Tyle przeszłam, prawie umarłam, przez lata siedziałam w szpitalu w Stanach i
walczyłam o życie! A ty sobie tutaj żyłeś jakby nigdy nic! Może i bolało Cię
to, że wyjechałam, ale przecież zdobyłeś innych przyjaciół! Podczas gdy ja
byłam tam sama! Miałam tylko rodziców! Są dla mnie najważniejsi na świecie i
nie chcę by któregokolwiek z nich zabrakło! Rozumiesz?!
Podszedłem do niej i ją mocno przytuliłem. Próbowała się
wyrwać, ale w ostateczności się poddała.
- Tak bardzo się boję…
- Jestem przy tobie. – w moich oczach pojawiły się łzy,
które powoli zaczęły spływać po moich policzkach. Cierpiałem. Cierpiałem, bo
ona płakała i zawsze przytrafiało się jej coś złego. – Nigdy Cię nie opuszczę.
Choćby nie wiem co się stało.
Położyłem ją do łóżka i nakryłem kocem. Położyła głowę na
moim torsie i zamknęła oczy.
- Potrzebuję Cię. – wyszeptała.
- Ja Ciebie też.
Uśmiechnąłem się. Pocałowałem ją
w czubek głowy. Po pewnym czasie zasnąłem.

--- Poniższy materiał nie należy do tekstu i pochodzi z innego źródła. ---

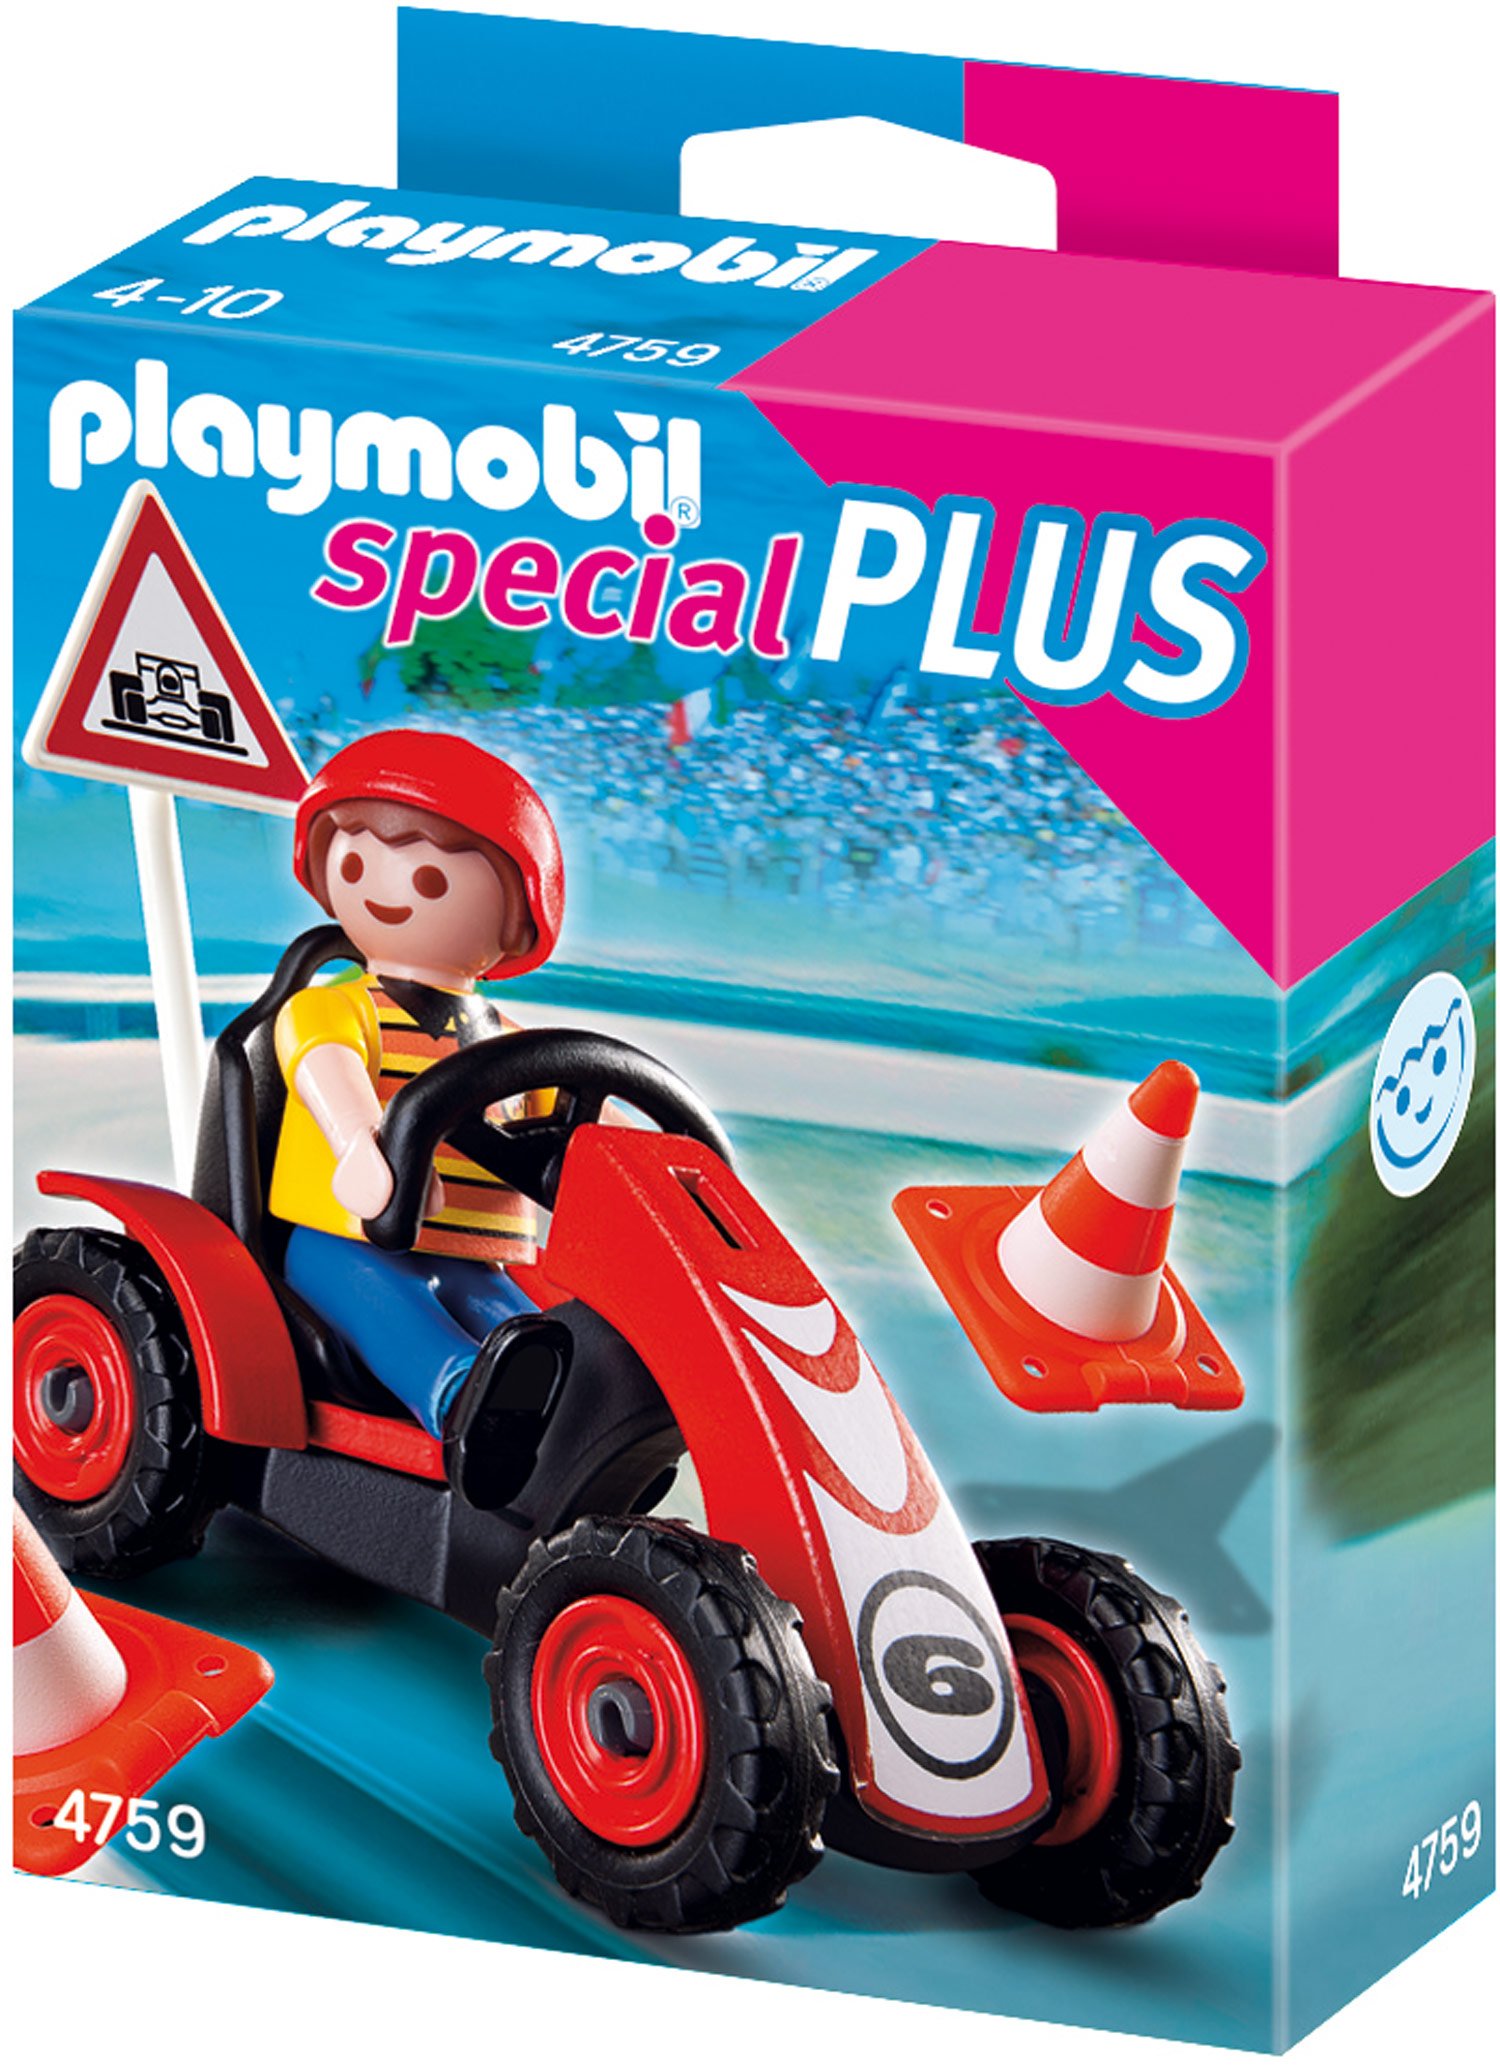 Playmobil Boy With Racing Cart

Następnego ranka obudziłem się pierwszy. Dziewczyna ciągle
się do mnie przytulała. Spojrzałem na nią i odruchowo mocniej ją do siebie
przygarnąłem. Chciałbym mieć jakieś nadprzyrodzone moce które odpędzą od niej
złą karmę. Ale niestety tak się nie dało. Cierpiała, a ja nic nie mogłem
zrobić. Była zbyt niewinna i zbyt piękna. Tryskała życiem. Dopiero skończyła
osiemnaście lat a życie sprawiło, że jest coraz bliżej do bycia wrakiem, a nie
człowiekiem. Kiedy była jeszcze dzieckiem zaatakowała ją choroba, potem wróciła
i spotkała Leona, który jest największym chujem na świecie. Traktuje ją jak
zabawkę, bawi się nią. Teraz jej mama jest chora i umiera. Westchnąłem. Jedyne
co mogę zrobić to kochać ją tak bardzo jak tylko mogę i dbać o nią tak długo
jak tylko będę mógł. Delikatnie ją od siebie odsunąłem i usiadłem na łóżku.
- Gdzie idziesz? – usłyszałem za sobą głos Nancy.
Odwróciłem się do nie j i uśmiechnąłem się.
- Pójdę na dół. Zrobiłem się głodny. Idziesz ze mną?
Dziewczyna skinęła głową. Wstała i wciągnęła na siebie dres.
Jej ciało było tak kurewsko idealne, a ja nie mogłem jej mieć. Potem odwróciła
się w moją stronę.
- Idziemy?
Wstałem i poszedłem za nią. Na dole byli jej rodzice. Nancy
unikała wzroku jej matki. Przywitałem się z jej rodzicami.
- Nancy, chcemy z tobą porozmawiać. – powiedziała jej mama.
Z ręki dziewczyny wypadła szklanka, która rozbiła się z
hukiem o podłogę. Odciągnąłem ją stamtąd. Patrzyła się matce w oczy.
- O czym?
- Usiądź. – powiedział jej tata.
- Nie będę siadała. – Nancy założyła ręce na piersi.
- Nancy. – powiedziałem. Spojrzała się na mnie a ja skinąłem
na krzesło przy stole. Wywróciła oczami i westchnęła. Usiadła przy stole.
- Mówcie czego chcecie.
Katherine westchnęła. Usiadłem koło jej córki i dyskretnie
położyłem dłoń na jej udzie.
- Tak jak zapewne słyszałaś, albo wywnioskowałaś z mojej
wczorajszej rozmowy z Elen, jestem śmiertelnie chora. Okazało się, że mam raka
piersi. Poszły już przerzuty. Niestety do płuc.
Parzyłem na Katherine. Kobieta w jednej chwili zaczęła
płakać. Nancy pozostała niewzruszona.
- Nie ma już dla mnie ratunku. To ostatnie stadium.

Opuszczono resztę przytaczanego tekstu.